A.       Introduction

  1. Judgment was delivered in this proceeding on 28 January 2022 (“the Principal Judgment”).[1]  Final orders are yet to be made.  The plaintiff, Cargill Australia Ltd (“Cargill Australia”), succeeded in a number of its claims against the defendants (“the Viterra Parties”).[2]  As a result, it was found Cargill Australia is entitled to an award of damages.  Further, it was found that the third party claims of the Viterra Parties against the first third party, Cargill, Incorporated, and the second third party, Joe White Maltings Pty Ltd (“Joe White”) (together with Cargill Australia, “the Cargill Parties”), will be dismissed.  Accordingly, as between the Cargill Parties and the Viterra Parties, upon delivery of the Principal Judgment the only remaining task was for Cargill Australia’s loss to be calculated in accordance with the reasons of the Principal Judgment.[3]

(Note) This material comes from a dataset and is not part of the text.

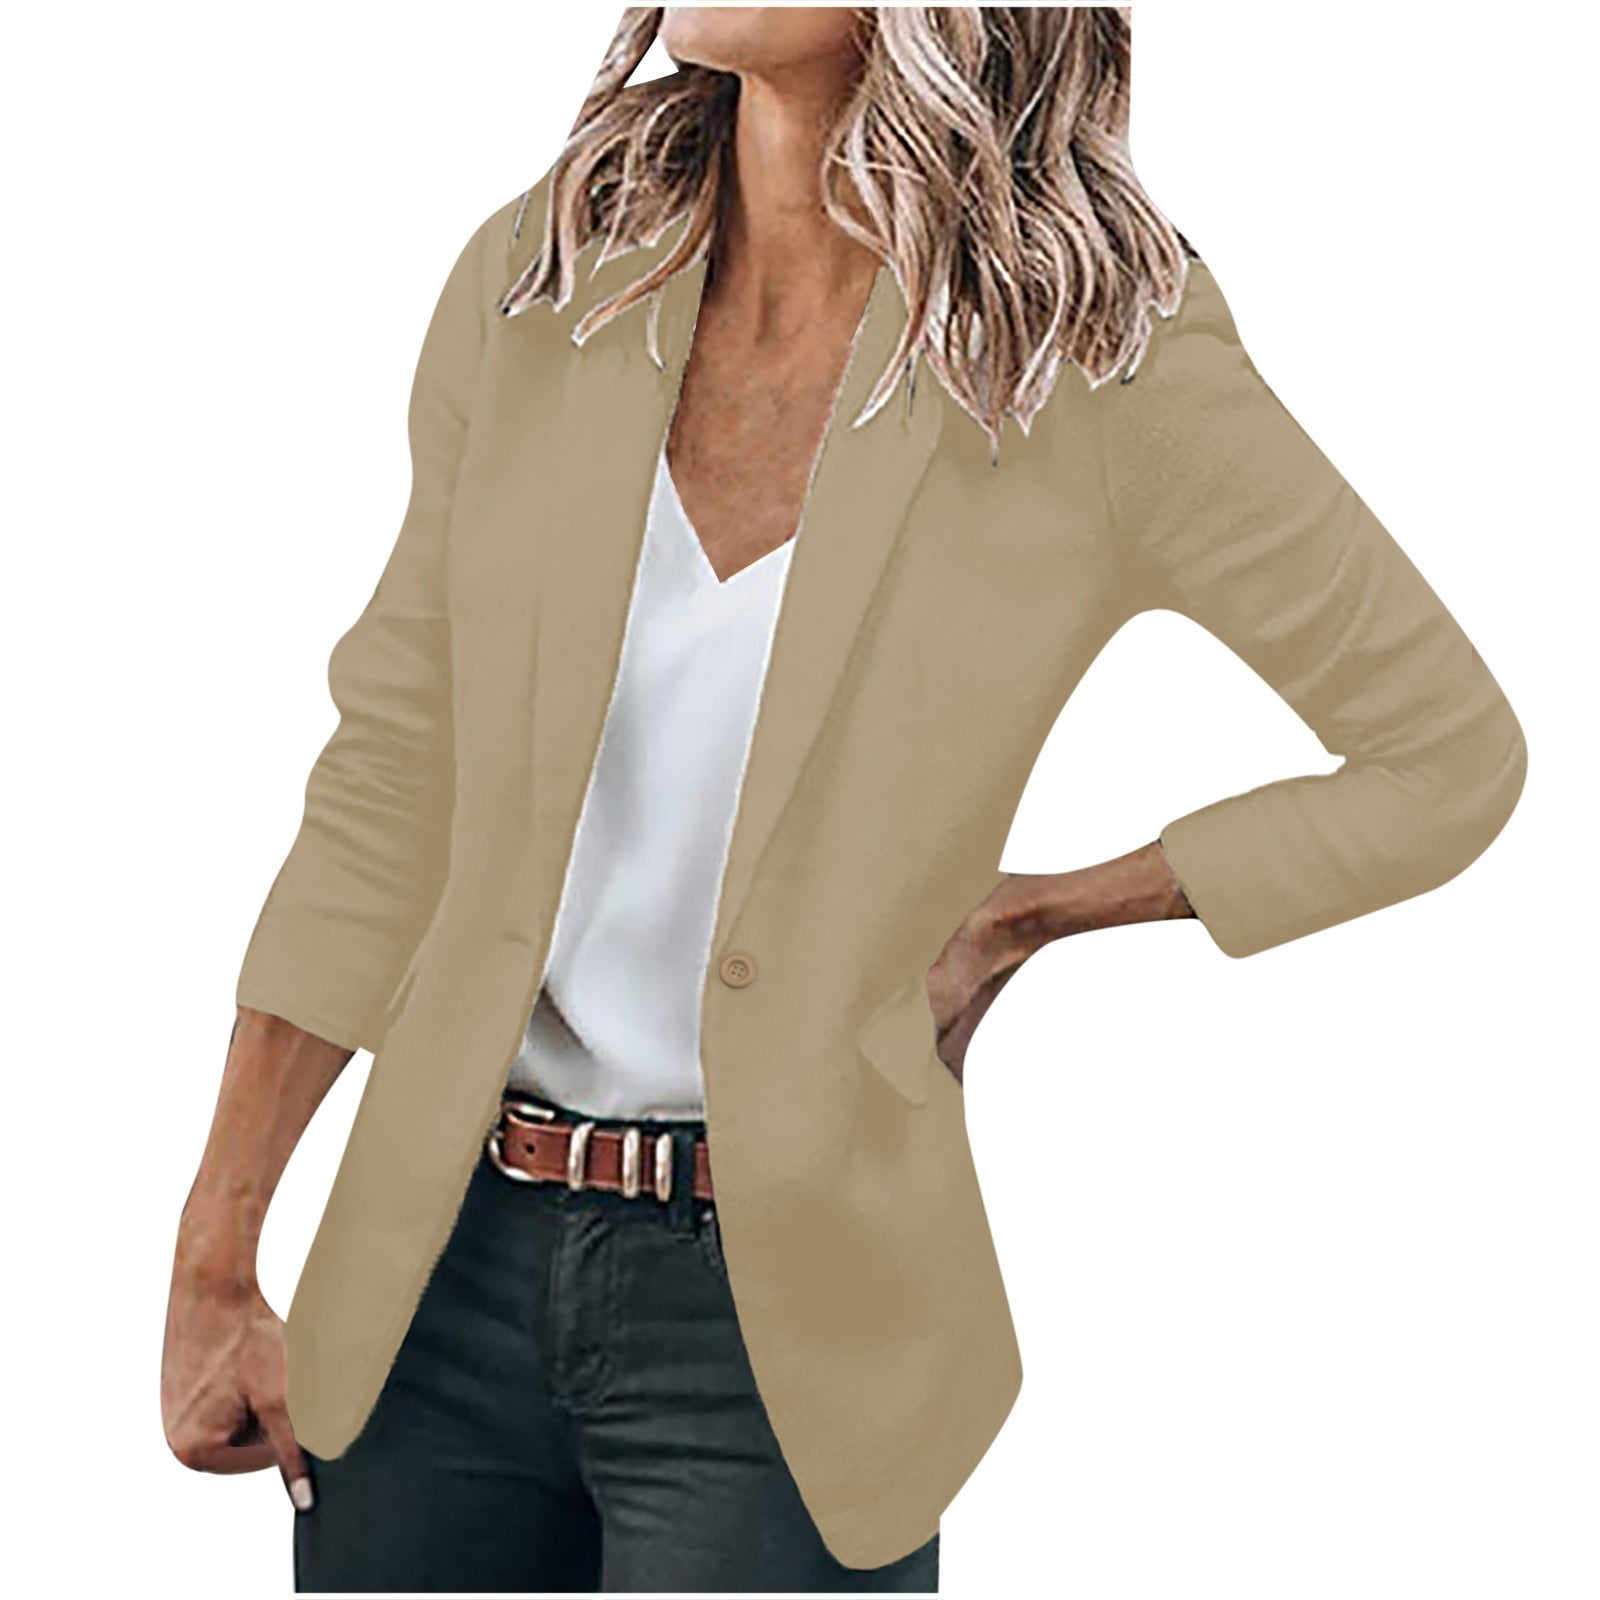  Women's Fall Jacket Oversized Pocket,shirts under 10 dollars  for women,clothes under 10 dollars,non binary stuff,cheap stuff under 3  dollars,bathing suit for women plus size clearance,1 cent items : Clothing,  Shoes

    [1]Cargill Australia Ltd v Viterra Malt Pty Ltd (No 28) [2022] VSC 13.

    [2]For a summary of the reasons, see [5332]-[5342].

    [3]In addition to questions relating to interest and costs.

  1. For reasons already explained,[4] the key parties contended in substance that as there was some complexity with respect to the calculation of any loss, if the court were to determine any re-calculation needed to occur based on the findings made concerning loss, then it should refrain from making any such re-calculation without the assistance of the parties.

    [4]Principal Judgment, [4328]-[4334].

  1. In the Principal Judgment, the correct basis for assessing Cargill Australia’s loss was determined to be the difference between the purchase price paid, being $420 million, and the true value of Joe White[5] on the date of completion of the purchase, being 31 October 2013.[6]  Subject to certain necessary adjustments, a valuation prepared by Gordon Klein (“Klein”), a loss expert called by the Cargill Parties, was found to be the appropriate method of establishing the true value.[7]

    [5]Cargill Australia acquired all the issued shares in Joe White and some assets used by Joe White that were not owned by Joe White: ibid, [5].

    [6]Ibid, [4321].

    [7]Ibid, [4302].

  1. The following was stated in the Principal Judgment regarding the adjustments that were required:[8]

As a result of the findings made, the following adjustments are necessary to Klein’s strategic bidder valuation:

(1)A reduction in dis-synergies by $7.2 million, resulting in $2.4 million of dis-synergies, being 25 percent of $9.6 million, as not all strategic bidders would have incurred dis-synergies at the same level as forecast for Cargill.[9]

(2)A lower discount rate of 13.7 percent.[10]

(3)Removal of the additional line item for integration costs,[11] being $2.3 million in 2014 and $2.8 million per year thereafter.[12]

(4)Removal of $2.18 million on account of the dispute with Co-Operative Bulk.[13]

[8]Ibid, [4303]. For the detailed reasons as to why these adjustments were found to be necessary, see issue 73 of the Principal Judgment.

[9]Ibid, [4202].

[10]Ibid, [4239].

[11]Ibid, [4263].

[12]Ibid, [4258].

[13]Ibid, [4266]-[4267]. Co-Operative Bulk was a reference to Co-Operative Bulk Handling Pty Ltd.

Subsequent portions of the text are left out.